Nel blog di un commercialista non poteva mancare almeno un post dedicato ai rapporti tributari. Nello specifico, voglio esporvi la mia opinione in tema di controversie con il fisco.

Seguendo il format di una nota trasmissione televisiva, vi elenco cinque buoni motivi per evitare le liti con l’Agenzia delle Entrate:

immagine tratta dal sito giuristiediritto.it
  • perchè non vi è certezza dell’esito: le norme tributarie italiane sono tutto fuorchè chiare. Esse sono oggetto di interpretazioni contrastanti sia da parte dei documenti di prassi della stessa Agenzia delle Entrate, sia da parte delle Commissioni Tributarie Provinciali e Regionali, sia da parte della Corte di Cassazione (fatte comunque salve le sentenze delle Sezioni Unite, emanate per dirimere appunto i contrasti tra le pronunce delle singole sezioni). Pertanto, al momento della proposizione di un ricorso occorre mettere in conto che la pronuncia del giudice adito potrebbe fare riferimento ad un filone interpretativo favorevole al fisco;
  • perchè ha tempi troppo lunghi: nella mia esperienza, tra il deposito in Commissione Tributaria Provinciale del fascicolo di parte e la pronuncia dei giudici di prime cure passano in media non meno di due anni; non parliamo poi dei tempi di svolgimento dei processi davanti alle giurisdizioni superiori;
  • perchè è oneroso: inutile sperare di proporre ricorso per dilatare i tempi della riscossione da parte del fisco; le norme in tema di riscossione e di contenzioso prevedono il pagamento della metà dell’imposta e degli interessi in caso di accertamenti non definitivi (cioè in pendenza di ricorso) e dei due terzi in caso di sentenza sfavorevole della Commissione Tributaria Provinciale. Inoltre, dopo le innovazioni introdotte dall’ultima “manovra estiva” (Decreto Legge n. 78/2010), le cose sono adesso destinate a complicarsi ulteriormente (si veda l’articolo di Dario Deotto sul Sole 24 Ore del 23 marzo 2011);
  • perchè è preferibile negoziare con l’Amministrazione Finanziaria: i giudici tributari hanno ogni anno migliaia di cause da trattare. Ciò impone un contingentamento dei tempi di decisione, mentre il difensore tributario ha solo un’occasione (la discussione in pubblica udienza) per spiegare ai giudici le ragioni del contribuente; è dunque preferibile cercare il dialogo con gli uffici fiscali, se necessario anche a più riprese, in quanto essi sono sempre “aperti al pubblico”;
  • perchè esistono numerosi istituti deflattivi del contenzioso: ciò deve essere tenuto in debita considerazione dal contribuente che ha commesso qualche “peccatuccio” nonchè, ovviamente, dal suo consulente (per una disamina pressocchè completa si veda l’articolo di Salvatore Forastieri su nuovofiscooggi.it, suddiviso in parte 1 e parte 2).

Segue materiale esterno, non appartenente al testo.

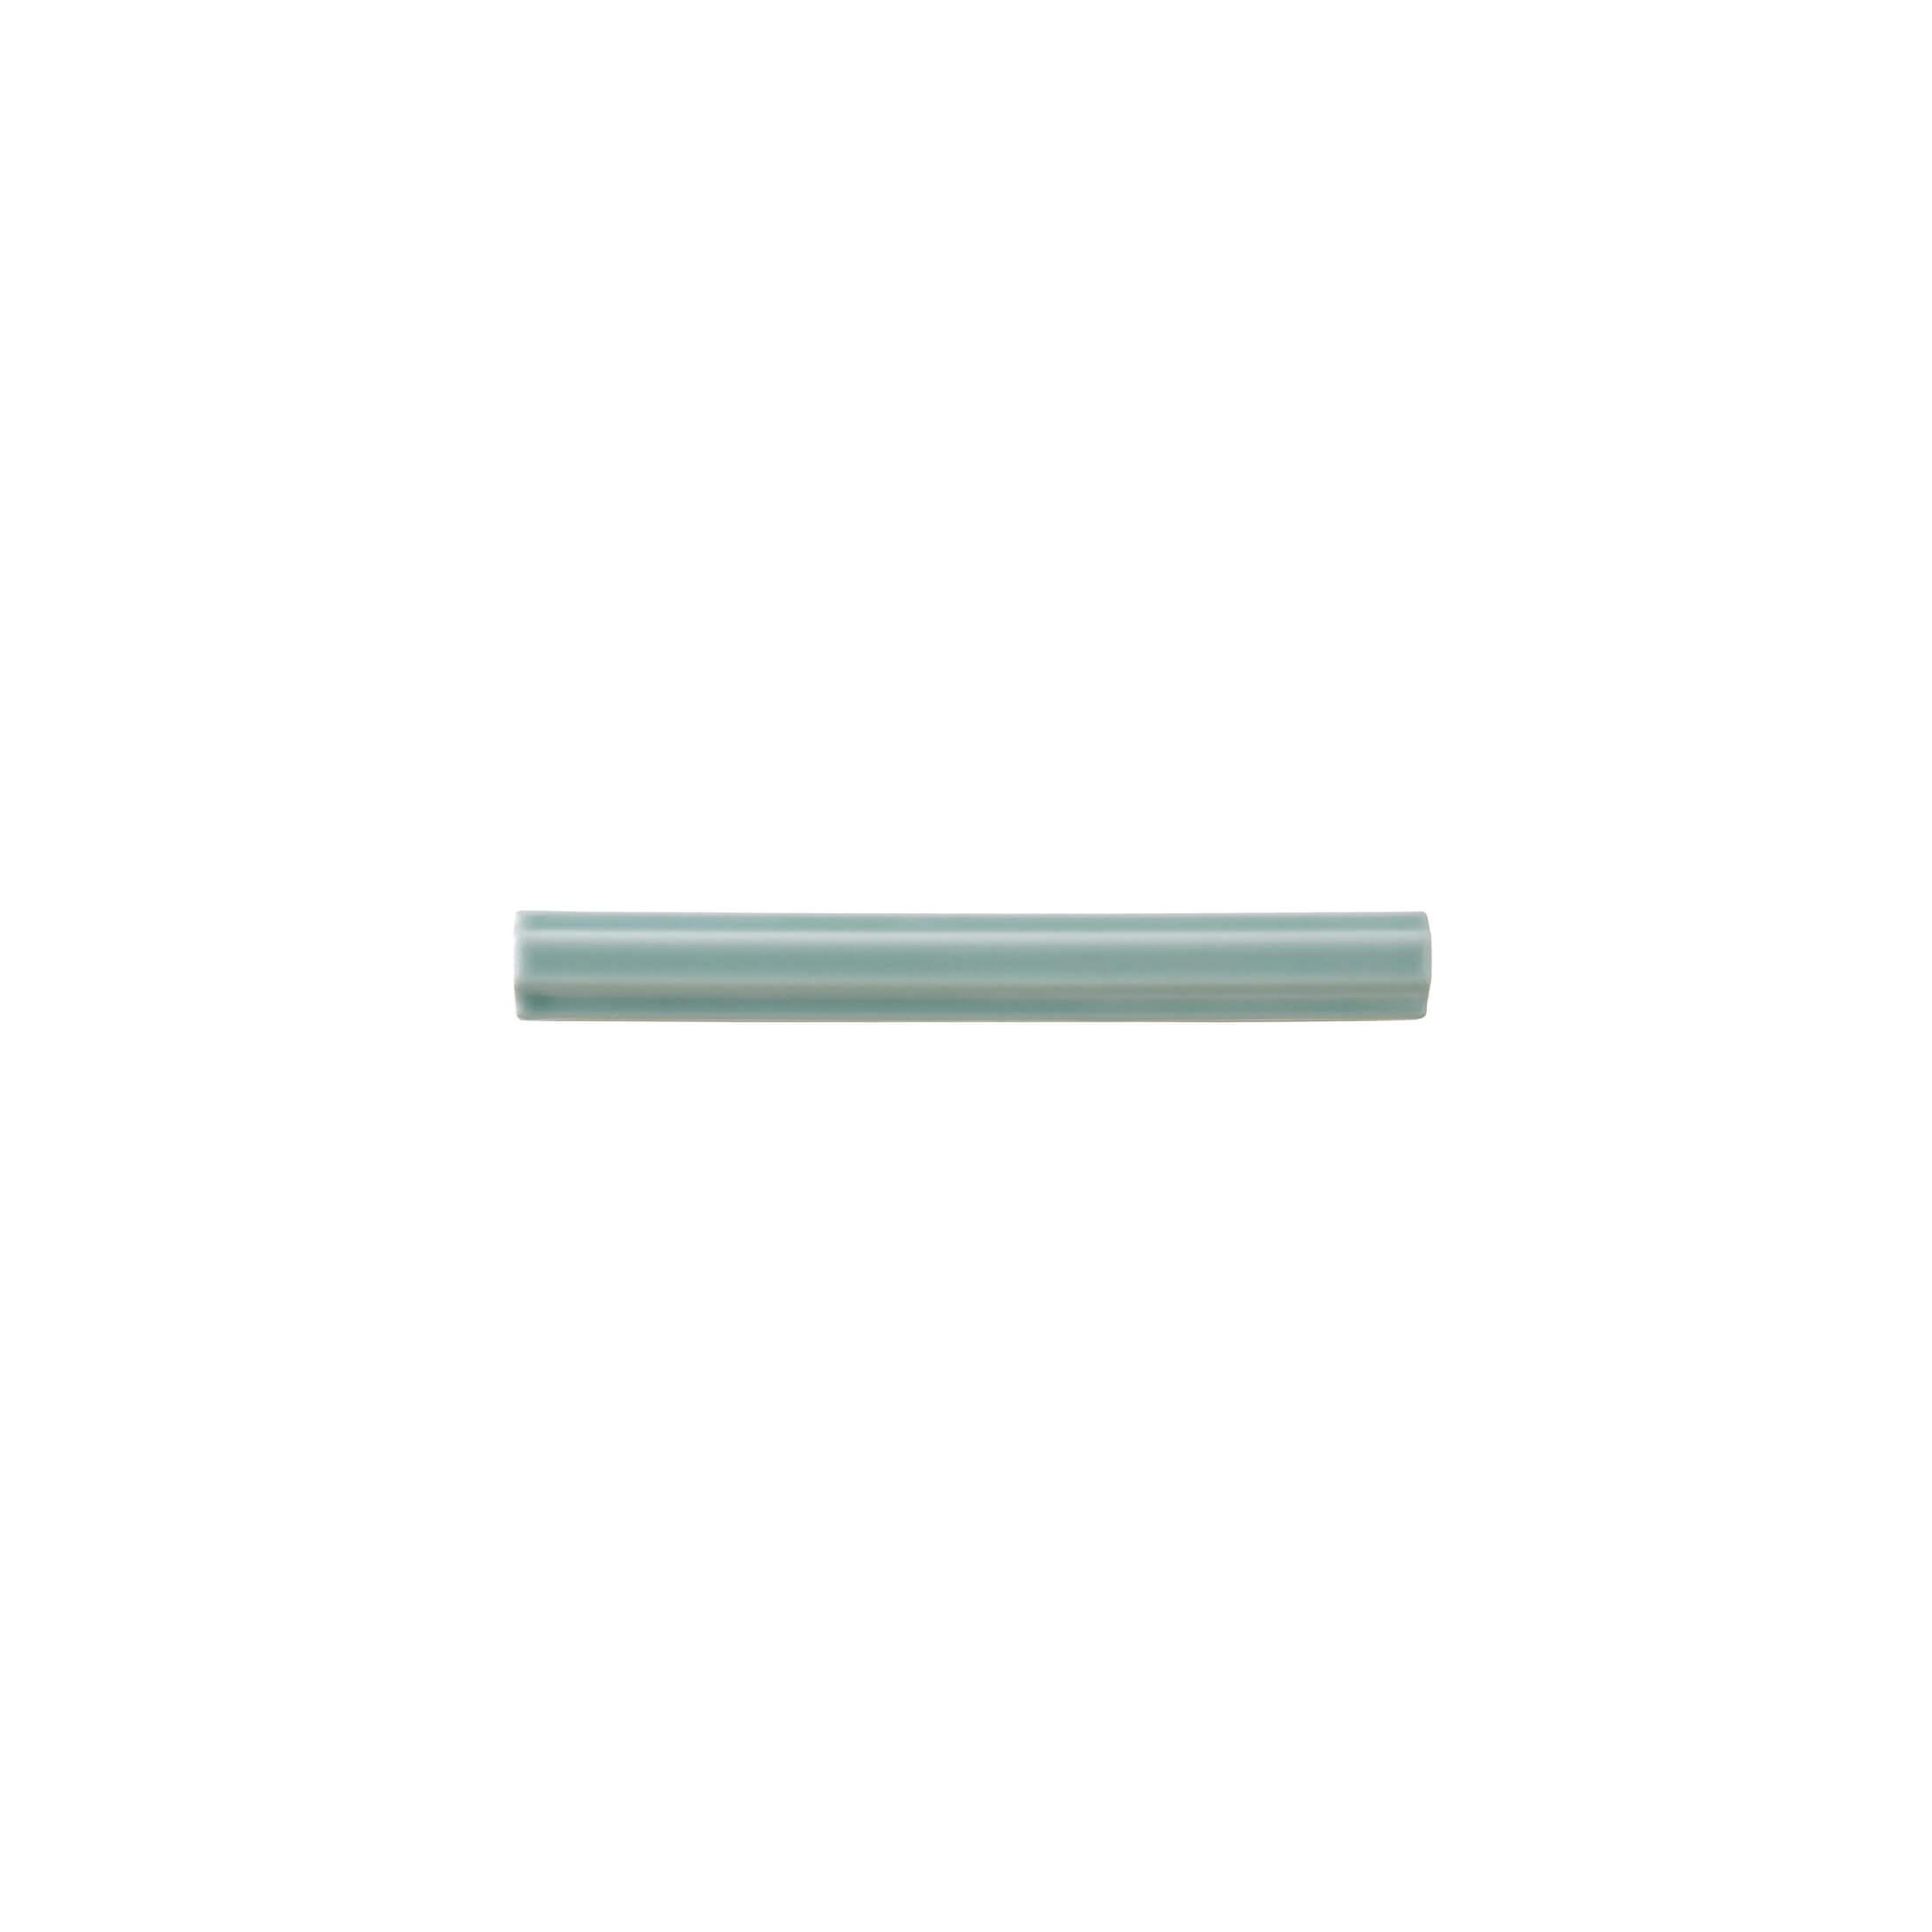 ADNE5620 - LISTELO CLASICO - 1.7 cm X 15 cm

E ora, in conclusione, ecco invece un buon motivo per fare ricorso alla Commissione Tributaria Provinciale: quando gli uffici fiscali si dimostrano insensibili a tutte le richieste (spesso legittime) del contribuente e non provvedono all’annullamento in autotutela di atti palesemente ingiusti, purtroppo non c’è altro da fare se non, appunto, produrre ricorso. E dopo, incrociate le dita!

4 Responses

  1. Che dire… siamo daccordo “quasi” tutti che in Italia quanto a giustizia e ad organi giudicanti, siamo messi davvero male… la giustizia tributaria non si esime da tale raccapricciante quanto realistica considerazione!!!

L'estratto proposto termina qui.